Did we get that exception for Battie injury???


----------



## Duck (Jan 30, 2006)

Does anyone else think Ariza can play a Shawn Marion-esqe role for us at the 4 this season?

I would really, really like to see James Augustine step up and play a big defensive role for us this season. I agree with the majority of you in that I too believe Foyle should be coming off the bench for us. However, I think when we play teams like the Spurs, Celtics, Mavs, he will see extended minutes for us (a la Kurt Thomas for the Suns last season). 

I think the most balanced starting lineup we could ask for would be the following:

Nelson
Bogans
Lewis
Ariza
Howard

Ariza is our second best rebounder, but I'm in doubt as to whether he can defend the majority of the inside guys in the NBA. His mobility, slahing and ability to hit a 10' jumper (well, at least better than Battie did) will then free up the paint even more for Howard.


----------



## Hairy Midget (Nov 28, 2005)

MickyEyez said:


> does anyone realize that shard cannot hang on defense playing the 4?
> 
> How is he going to defend KG, Bosh, Randolph, etc.
> 
> he will get rotated around to that position at certain points in a game, but he cannot handle that position full time.



I don't get why people don't use their head. 

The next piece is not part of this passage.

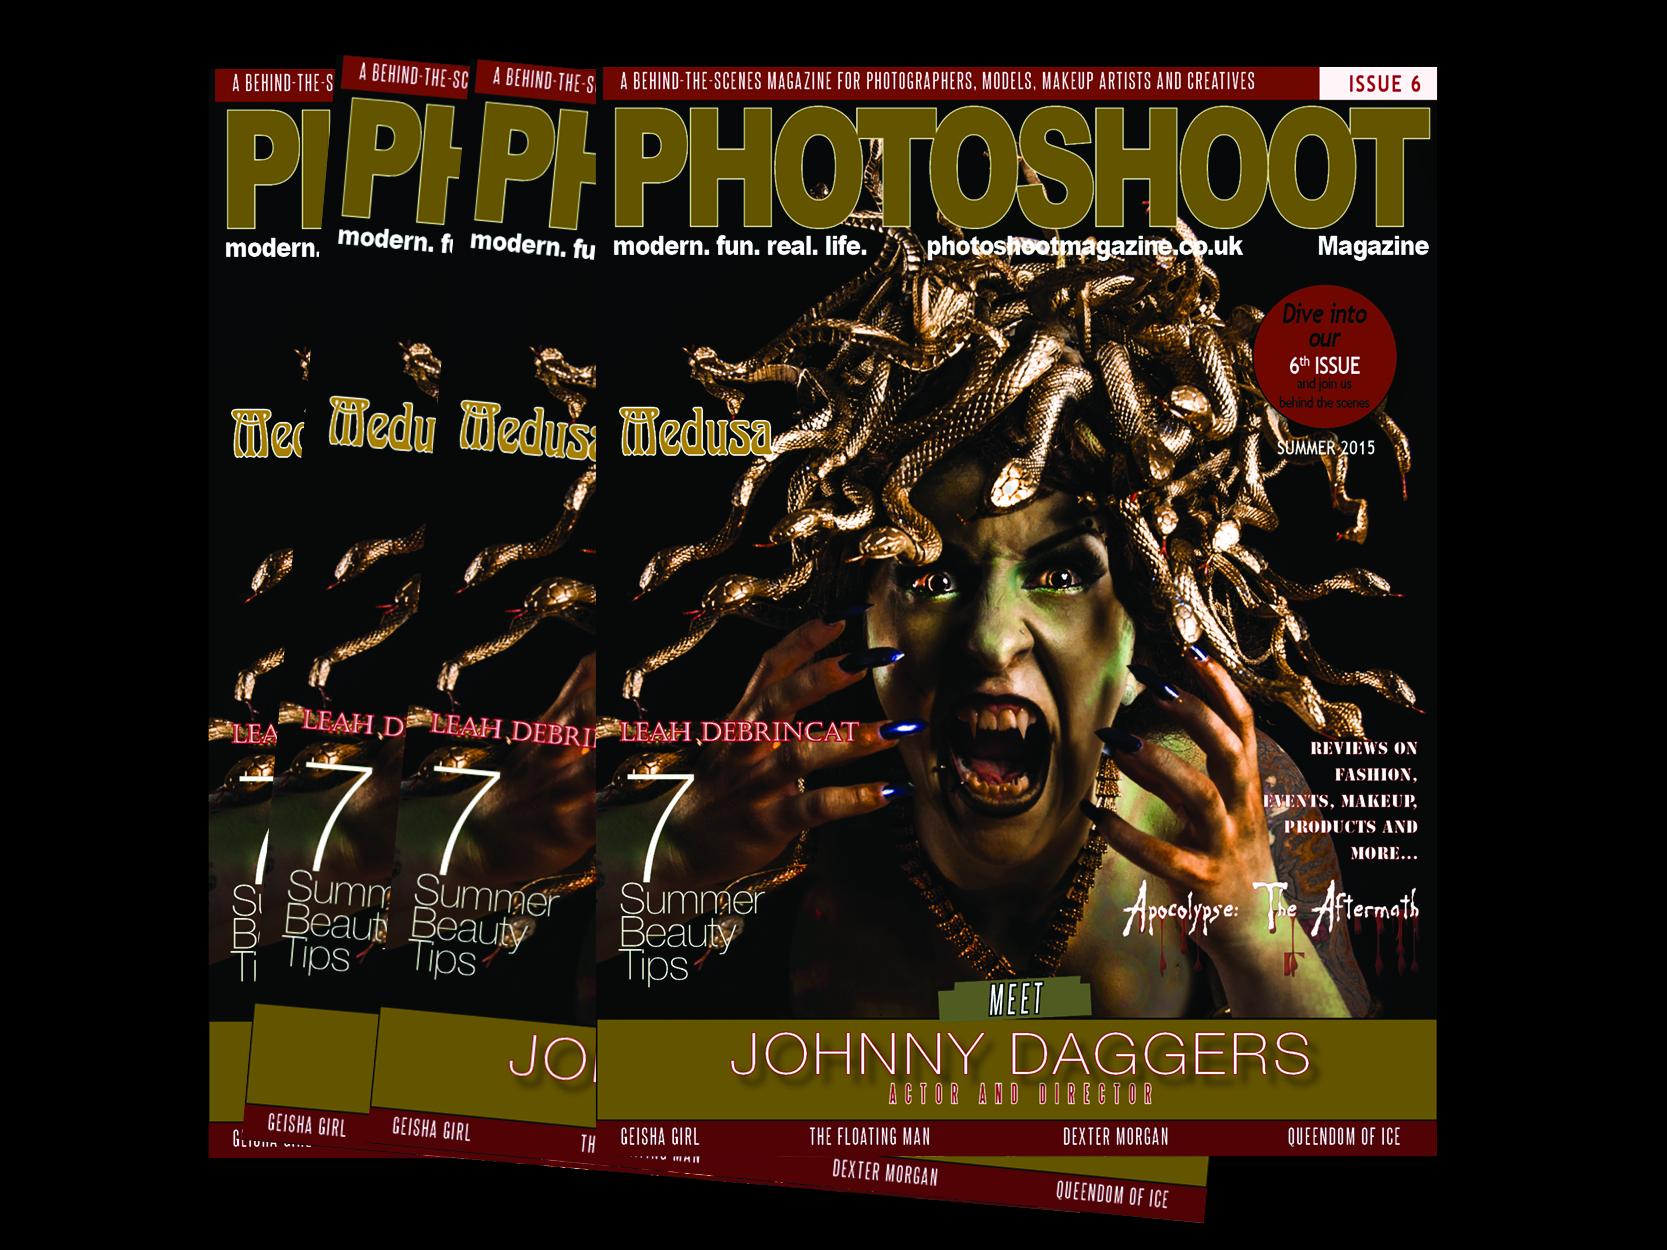 PHOTOSHOOT Magazine Issue 6

Dwight would obviously guard the other teams best big man, and Rashard would have to be guarded by the other teams big man, who couldn't stay with him.


----------



## MickyEyez (Aug 25, 2006)

Duck34234 said:


> Does anyone else think Ariza can play a Shawn Marion-esqe role for us at the 4 this season?
> 
> I would really, really like to see James Augustine step up and play a big defensive role for us this season. I agree with the majority of you in that I too believe Foyle should be coming off the bench for us. However, I think when we play teams like the Spurs, Celtics, Mavs, he will see extended minutes for us (a la Kurt Thomas for the Suns last season).
> 
> ...


Ariza, like Shard could easily play the position... but over the long haul, it just won't work. We would get exposed inside throughout the whole season. Dwight can't just keep rotating all over the place to help everyone.

If Ariza had more bulk, i'd be all for it... Marion is not huge and i understand that, but he is still big enough to hold down that position... and also keep in mind that Phoenix plays a completely different style of ball than we do. In their system Barbosa could play the 4 and they would still score and not play any defense.


----------



## MickyEyez (Aug 25, 2006)

Otis' response on what he wants to do in replacing Batman. absolutely incompetent... doesn't have a good answer on what he wants to do... he would rather just play things out for now, and when he realizes that we need another big he will scramble.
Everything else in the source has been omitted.